What to produce:
Among the entries below, please repeat exactly and only the lines from the line containing "<p>Under Armour Fleece" to the line containing "Filipino bride in", both lines included.

Recorded data Start Marker

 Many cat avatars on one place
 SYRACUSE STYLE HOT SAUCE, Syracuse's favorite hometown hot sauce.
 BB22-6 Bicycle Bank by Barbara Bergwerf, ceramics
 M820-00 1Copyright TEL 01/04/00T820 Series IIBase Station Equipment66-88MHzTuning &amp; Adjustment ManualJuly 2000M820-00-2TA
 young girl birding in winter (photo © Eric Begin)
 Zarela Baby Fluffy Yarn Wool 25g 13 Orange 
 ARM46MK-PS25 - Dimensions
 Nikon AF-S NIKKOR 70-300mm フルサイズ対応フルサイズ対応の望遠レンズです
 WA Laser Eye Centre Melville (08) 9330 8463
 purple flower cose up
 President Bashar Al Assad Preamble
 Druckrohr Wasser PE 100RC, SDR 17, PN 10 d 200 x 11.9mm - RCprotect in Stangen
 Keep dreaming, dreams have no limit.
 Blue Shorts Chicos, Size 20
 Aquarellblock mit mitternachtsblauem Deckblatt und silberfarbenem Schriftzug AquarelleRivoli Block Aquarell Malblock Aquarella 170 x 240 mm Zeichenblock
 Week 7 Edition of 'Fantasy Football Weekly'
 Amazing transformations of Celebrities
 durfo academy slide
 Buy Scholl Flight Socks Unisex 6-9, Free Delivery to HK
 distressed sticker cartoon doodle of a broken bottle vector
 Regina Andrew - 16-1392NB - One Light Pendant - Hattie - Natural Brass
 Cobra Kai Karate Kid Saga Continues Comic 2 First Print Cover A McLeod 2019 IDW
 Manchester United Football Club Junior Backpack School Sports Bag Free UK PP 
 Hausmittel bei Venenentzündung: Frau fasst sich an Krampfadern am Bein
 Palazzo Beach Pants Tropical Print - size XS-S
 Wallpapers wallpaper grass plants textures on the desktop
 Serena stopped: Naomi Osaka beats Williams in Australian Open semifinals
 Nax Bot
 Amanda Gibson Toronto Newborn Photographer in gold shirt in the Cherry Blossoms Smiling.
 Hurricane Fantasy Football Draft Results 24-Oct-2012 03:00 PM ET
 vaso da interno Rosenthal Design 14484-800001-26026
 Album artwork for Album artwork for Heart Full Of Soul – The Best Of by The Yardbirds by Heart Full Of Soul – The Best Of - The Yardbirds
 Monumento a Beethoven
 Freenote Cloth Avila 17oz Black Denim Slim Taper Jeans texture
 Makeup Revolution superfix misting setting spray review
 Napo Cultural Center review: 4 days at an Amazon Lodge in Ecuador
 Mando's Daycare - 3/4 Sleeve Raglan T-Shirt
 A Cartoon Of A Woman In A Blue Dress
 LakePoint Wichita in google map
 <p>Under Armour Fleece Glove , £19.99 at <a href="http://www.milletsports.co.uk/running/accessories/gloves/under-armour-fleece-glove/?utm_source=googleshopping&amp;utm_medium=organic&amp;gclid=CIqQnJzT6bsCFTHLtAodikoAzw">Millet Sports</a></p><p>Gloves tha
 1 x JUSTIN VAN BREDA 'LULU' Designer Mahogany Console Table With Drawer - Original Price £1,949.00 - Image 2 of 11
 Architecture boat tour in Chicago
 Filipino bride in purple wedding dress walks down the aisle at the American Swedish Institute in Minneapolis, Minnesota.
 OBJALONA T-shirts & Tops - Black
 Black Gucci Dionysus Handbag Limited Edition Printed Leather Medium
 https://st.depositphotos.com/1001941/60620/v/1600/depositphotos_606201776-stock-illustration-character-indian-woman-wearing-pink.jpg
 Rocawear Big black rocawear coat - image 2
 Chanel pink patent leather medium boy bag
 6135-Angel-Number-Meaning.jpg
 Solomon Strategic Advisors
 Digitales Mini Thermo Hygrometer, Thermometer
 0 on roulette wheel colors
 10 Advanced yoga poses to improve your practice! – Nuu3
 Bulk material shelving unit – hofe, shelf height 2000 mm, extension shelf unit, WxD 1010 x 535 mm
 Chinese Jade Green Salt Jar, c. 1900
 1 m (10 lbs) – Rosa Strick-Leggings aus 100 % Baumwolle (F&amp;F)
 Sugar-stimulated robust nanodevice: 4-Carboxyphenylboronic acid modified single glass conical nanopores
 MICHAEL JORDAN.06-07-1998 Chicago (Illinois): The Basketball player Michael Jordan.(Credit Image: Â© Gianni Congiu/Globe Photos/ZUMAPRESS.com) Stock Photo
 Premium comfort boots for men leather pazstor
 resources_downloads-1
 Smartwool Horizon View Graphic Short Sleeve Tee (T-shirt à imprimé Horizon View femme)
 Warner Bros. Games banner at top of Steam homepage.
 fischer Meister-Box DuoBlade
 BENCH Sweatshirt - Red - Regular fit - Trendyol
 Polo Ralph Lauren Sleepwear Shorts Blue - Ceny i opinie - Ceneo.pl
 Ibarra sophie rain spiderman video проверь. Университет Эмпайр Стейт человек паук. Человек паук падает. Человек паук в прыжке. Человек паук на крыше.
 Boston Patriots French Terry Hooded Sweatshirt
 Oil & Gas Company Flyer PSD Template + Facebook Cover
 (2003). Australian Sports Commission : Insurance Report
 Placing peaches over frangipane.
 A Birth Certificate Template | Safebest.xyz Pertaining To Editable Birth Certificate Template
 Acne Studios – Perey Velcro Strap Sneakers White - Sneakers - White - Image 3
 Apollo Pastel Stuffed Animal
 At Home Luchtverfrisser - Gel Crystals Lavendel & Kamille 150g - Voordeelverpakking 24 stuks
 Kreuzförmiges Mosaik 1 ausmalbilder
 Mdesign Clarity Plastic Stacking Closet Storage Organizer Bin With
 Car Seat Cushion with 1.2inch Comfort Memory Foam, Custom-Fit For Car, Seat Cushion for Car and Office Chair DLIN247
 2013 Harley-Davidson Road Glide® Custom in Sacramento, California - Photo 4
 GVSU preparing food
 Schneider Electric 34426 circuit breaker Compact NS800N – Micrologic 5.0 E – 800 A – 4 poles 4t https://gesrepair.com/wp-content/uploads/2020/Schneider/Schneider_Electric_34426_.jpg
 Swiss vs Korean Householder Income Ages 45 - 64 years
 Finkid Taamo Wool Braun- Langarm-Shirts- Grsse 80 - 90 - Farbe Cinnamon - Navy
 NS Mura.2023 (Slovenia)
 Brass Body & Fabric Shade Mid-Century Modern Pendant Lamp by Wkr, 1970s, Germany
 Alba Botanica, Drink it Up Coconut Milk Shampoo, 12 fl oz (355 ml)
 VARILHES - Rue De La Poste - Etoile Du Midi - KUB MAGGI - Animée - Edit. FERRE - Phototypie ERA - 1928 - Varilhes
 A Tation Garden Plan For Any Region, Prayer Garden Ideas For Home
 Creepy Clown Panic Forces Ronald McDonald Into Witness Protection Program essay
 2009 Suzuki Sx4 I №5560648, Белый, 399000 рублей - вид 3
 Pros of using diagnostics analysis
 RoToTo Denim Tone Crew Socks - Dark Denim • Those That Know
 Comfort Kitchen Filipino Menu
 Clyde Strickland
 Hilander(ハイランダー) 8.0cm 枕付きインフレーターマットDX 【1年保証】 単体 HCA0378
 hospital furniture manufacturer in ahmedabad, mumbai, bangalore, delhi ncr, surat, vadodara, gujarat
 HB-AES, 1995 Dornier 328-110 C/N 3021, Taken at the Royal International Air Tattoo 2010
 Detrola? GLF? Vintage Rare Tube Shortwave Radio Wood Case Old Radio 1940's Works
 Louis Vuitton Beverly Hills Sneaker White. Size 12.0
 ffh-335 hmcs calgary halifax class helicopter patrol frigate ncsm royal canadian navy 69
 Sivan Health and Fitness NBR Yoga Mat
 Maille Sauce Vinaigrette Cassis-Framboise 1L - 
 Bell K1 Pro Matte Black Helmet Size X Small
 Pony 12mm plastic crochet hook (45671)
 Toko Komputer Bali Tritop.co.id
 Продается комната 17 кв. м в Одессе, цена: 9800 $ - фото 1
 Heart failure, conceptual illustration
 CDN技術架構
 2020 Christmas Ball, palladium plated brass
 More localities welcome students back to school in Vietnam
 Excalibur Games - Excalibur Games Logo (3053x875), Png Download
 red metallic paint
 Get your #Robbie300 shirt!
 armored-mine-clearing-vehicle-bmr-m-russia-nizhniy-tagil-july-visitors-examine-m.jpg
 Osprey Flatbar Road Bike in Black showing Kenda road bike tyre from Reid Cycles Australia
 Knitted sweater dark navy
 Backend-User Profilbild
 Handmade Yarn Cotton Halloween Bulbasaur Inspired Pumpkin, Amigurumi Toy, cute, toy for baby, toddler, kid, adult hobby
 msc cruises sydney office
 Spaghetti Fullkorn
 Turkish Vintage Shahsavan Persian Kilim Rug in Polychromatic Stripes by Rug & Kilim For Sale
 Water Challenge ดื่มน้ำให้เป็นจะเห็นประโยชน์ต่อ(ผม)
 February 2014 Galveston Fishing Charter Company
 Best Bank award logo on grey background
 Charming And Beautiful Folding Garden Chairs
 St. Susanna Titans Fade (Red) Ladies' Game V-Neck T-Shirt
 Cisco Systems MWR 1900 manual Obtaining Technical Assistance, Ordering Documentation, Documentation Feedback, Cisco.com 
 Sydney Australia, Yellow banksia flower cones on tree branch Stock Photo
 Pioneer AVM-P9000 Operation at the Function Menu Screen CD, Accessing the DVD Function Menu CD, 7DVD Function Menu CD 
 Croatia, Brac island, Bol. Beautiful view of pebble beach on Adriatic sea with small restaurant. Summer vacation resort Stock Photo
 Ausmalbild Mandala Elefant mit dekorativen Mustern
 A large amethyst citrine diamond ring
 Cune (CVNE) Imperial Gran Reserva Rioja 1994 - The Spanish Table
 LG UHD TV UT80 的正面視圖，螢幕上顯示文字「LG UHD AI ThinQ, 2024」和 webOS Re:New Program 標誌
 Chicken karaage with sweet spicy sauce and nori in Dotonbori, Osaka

Recorded data End Marker

Answer box:
 <p>Under Armour Fleece Glove , £19.99 at <a href="http://www.milletsports.co.uk/running/accessories/gloves/under-armour-fleece-glove/?utm_source=googleshopping&amp;utm_medium=organic&amp;gclid=CIqQnJzT6bsCFTHLtAodikoAzw">Millet Sports</a></p><p>Gloves tha
 1 x JUSTIN VAN BREDA 'LULU' Designer Mahogany Console Table With Drawer - Original Price £1,949.00 - Image 2 of 11
 Architecture boat tour in Chicago
 Filipino bride in purple wedding dress walks down the aisle at the American Swedish Institute in Minneapolis, Minnesota.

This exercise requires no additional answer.